I have seen many articles trumpeting the danger of the expansion of subprime without proper context. It is one thing to have data, but quite another to interpret it properly. In the Equifax report, Deputy Chief Economist Dennis Carlson called the increase in subprime lending “good news,” adding that “a fully functioning second-chance market is essential for a healthy economy.”
I would be pleased if people would stop acting like subprime auto financing had a damn thing to do with the global economic meltdown in 2008. It didn’t. Subprime auto financing is nothing like the subprime home lending issues of the past decade, and $46 billion of total outstanding balances on all subprime loans is miniscule compared with the size of the overall economy and a drop in the bucket compared with the mortgage market.
Meanwhile, the ratio of subprime auto originations, including the buy-here, pay-here sector, has hovered around the 30%-to-35% mark for more than a decade. After all, more than a third of the population has a credit score below 640. Kind of makes sense, right? People need cars, and those originations include new and used loans, although they are mostly used.
To be clear, despite the sky-is-falling tone of the NYT piece, Equifax said “serious” delinquencies of 60-plus days remained near all-time lows, and represented less than 1% of total outstanding balances.
A quick call to Melinda Zabritski, director of auto finance at credit bureau Experian, revealed the following: First, the Great Recession spurred the average credit score of U.S. consumers to take the hit one would intuitively expect. Second, when credit dried up, many people ― except for the highest credit score consumers ― turned to BHPH or subprime finance, as one might expect. The stat cited in the NYT article compared subprime originations today with the dark days of the credit crisis, when capital for that kind of lending was completely dried up. Why pick a point in time that is obviously an anomaly, if one is trying to tell a story in real context?

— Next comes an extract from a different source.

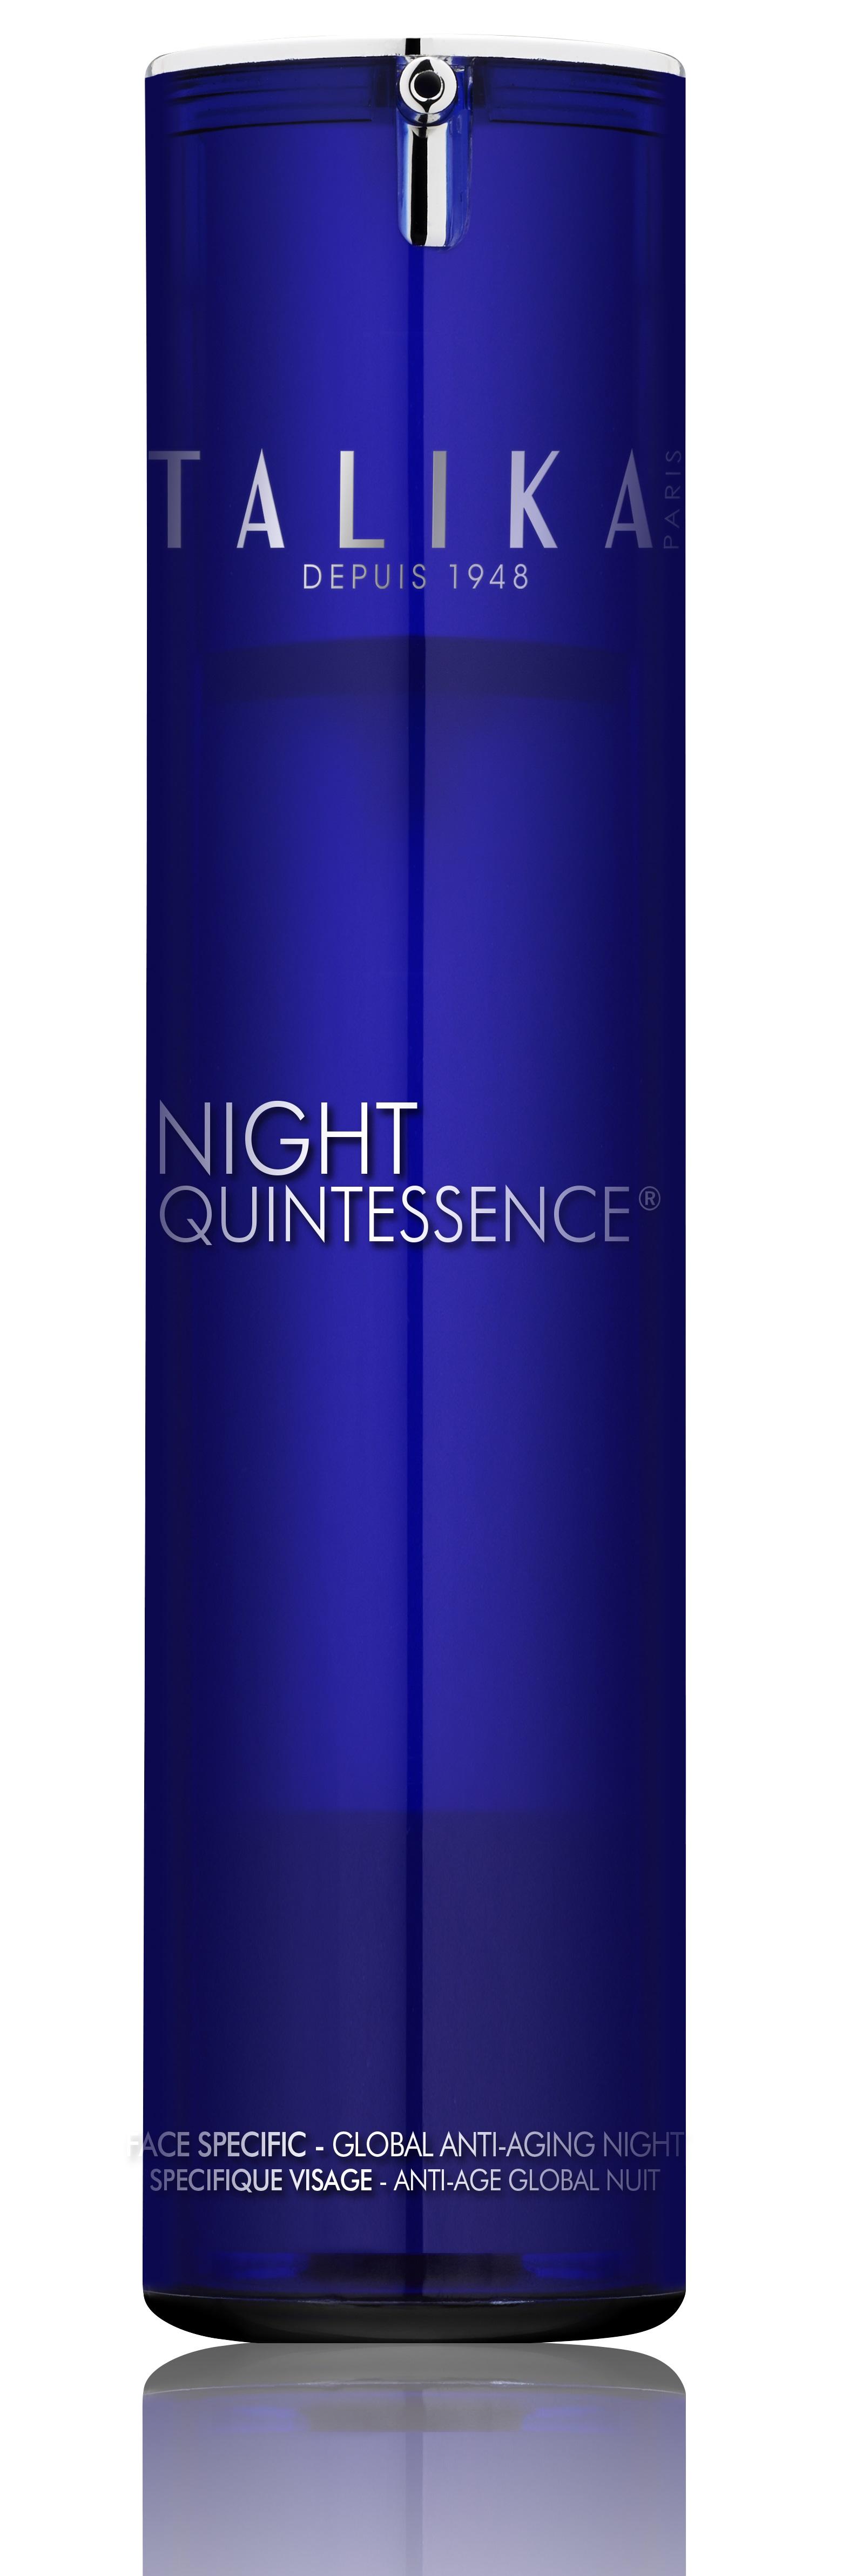 Talika_Night Quintessence

Third, lenders are looking at the near-prime and subprime markets in a search for yield unavailable in the highly competitive prime lending space. Fourth, fast-track credit ― the point at which a dealer can send a contract to a lender without first calling it in for formal approval ― is now 720, up from 690. There are more strict debt-to-income and loan-to-value parameters, as well. Fifth, and perhaps most importantly, millions of consumers have been able to rehabilitate their credit through subprime financing ― and there will be millions more. An accurate portrayal of the Sub Prime market would have at least mentioned this.
There are some who equate subprime auto lending to with mortgages made under the Community Reinvestment Act. Nothing could be further from the truth. CRA mortgages are NOT inherently "Sub Prime." According to the Federal Reserve, CRA mortgages have outperformed the mortgage market overall.
Also, as a matter of record, most of the mortgages that soured during the mortgage crisis were not subprime. Many people with excellent credit walked away from mortgages where they were paying off, for example, $450,000 on a $250,000 home. Yes, their credit score took a hit, and they might have had to get a subprime auto loan to buy a car. It will take some time to repair all the damaged credit. This has played its own part in the slow economic recovery.
Despite the NYT piece, clearly fueled by a desire to create controversy where the facts don’t indicate controversy exists, it’s time for everyone to take a deep breath and keep both feet firmly planted on the ground. There is no subprime bubble.